Algorithms are designed to work on rigorously defined abstract data structures, discussed below. Therefore, when describing a problem, it must be done abstractly, such that it becomes a sequence of transformations on abstract data structures. The following sections discuss the different abstract data structures that are available.

#### Combinatorial objects

The following are common data structures:

- permutations - arrangements/orderings of items, e.g. {1, 3, 2, 4}
- subsets - a selection of items from a set of items
- trees - hierarchical relationships between items
- graphs - relationships between arbitrary pairs of objects
- points - locations in a geometric space
- polygons - regions in a geometric space
- string - sequences of characters/patterns

#### Recursive objects

Recursion involves the combination of a set of smaller items, resulting in a larger item. The abstract data structures discussed above can be handled recursively, shown below:

- permutations - removing an element results in a permutation with
`n - 1`

elements - subsets - removing an element in subset results in a subset of
`n - 1`

elements - trees - the combination of nodes, smaller items, results in a larger tree, larger item
- graphs - the combination of nodes results in a larger graph
- points - points can be combined into a larger set or broken down into smaller sets
- polygons - similar to the points object
- strings - the characters of a string can be combined to produce a larger string

Recursive objects require the decomposition rules, and base cases. Decomposition rules describe how a recursive object may be broken down into a smaller object, and is known as the recursive case. Base cases define the smallest object that can be achieved from a recursive object, and results in the decomposition of the object terminating.
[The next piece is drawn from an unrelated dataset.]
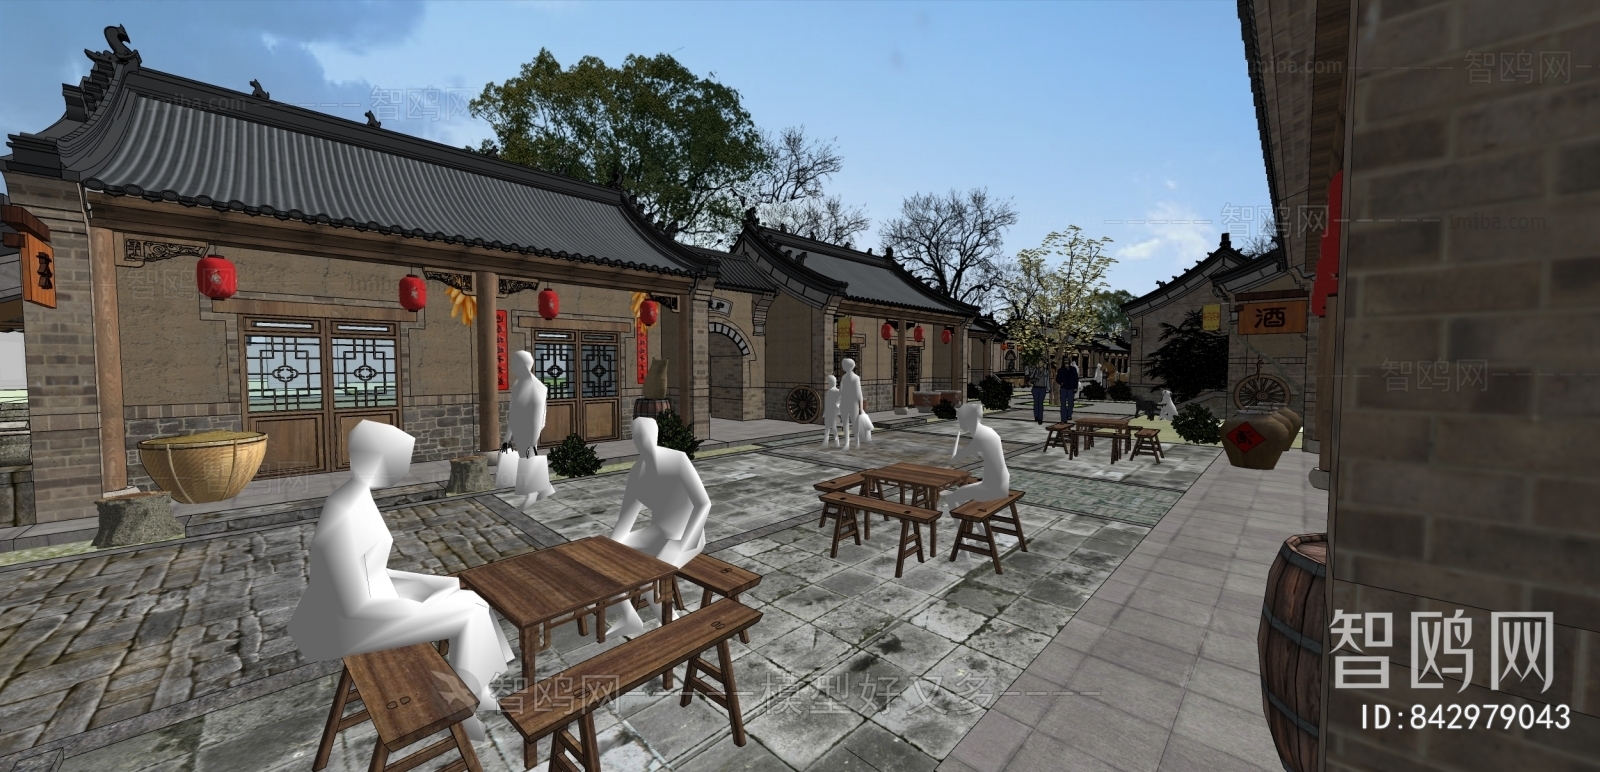 中式传统村落商业街区

Further discussion about recursion can be found on my post Notes on Recursive Algorithms

## Conclusion

This post briefly looked at algorithms, firstly what they are and how they can be used to solve problems by transforming given input to a required output. Secondly, how to prove the correctness of an algorithm was discussed, including tools and techniques that can be used. Finally, the reasoning for modeling a problem abstractly so that an algorithm can perform transformations on abstract data structures was presented.

These notes where prepared from the book “The Algorithm Design Manual” by Steven S. Skiena. This book provides an excellent starting point for understanding algorithms and how they work. You can find the book over at the Springer website.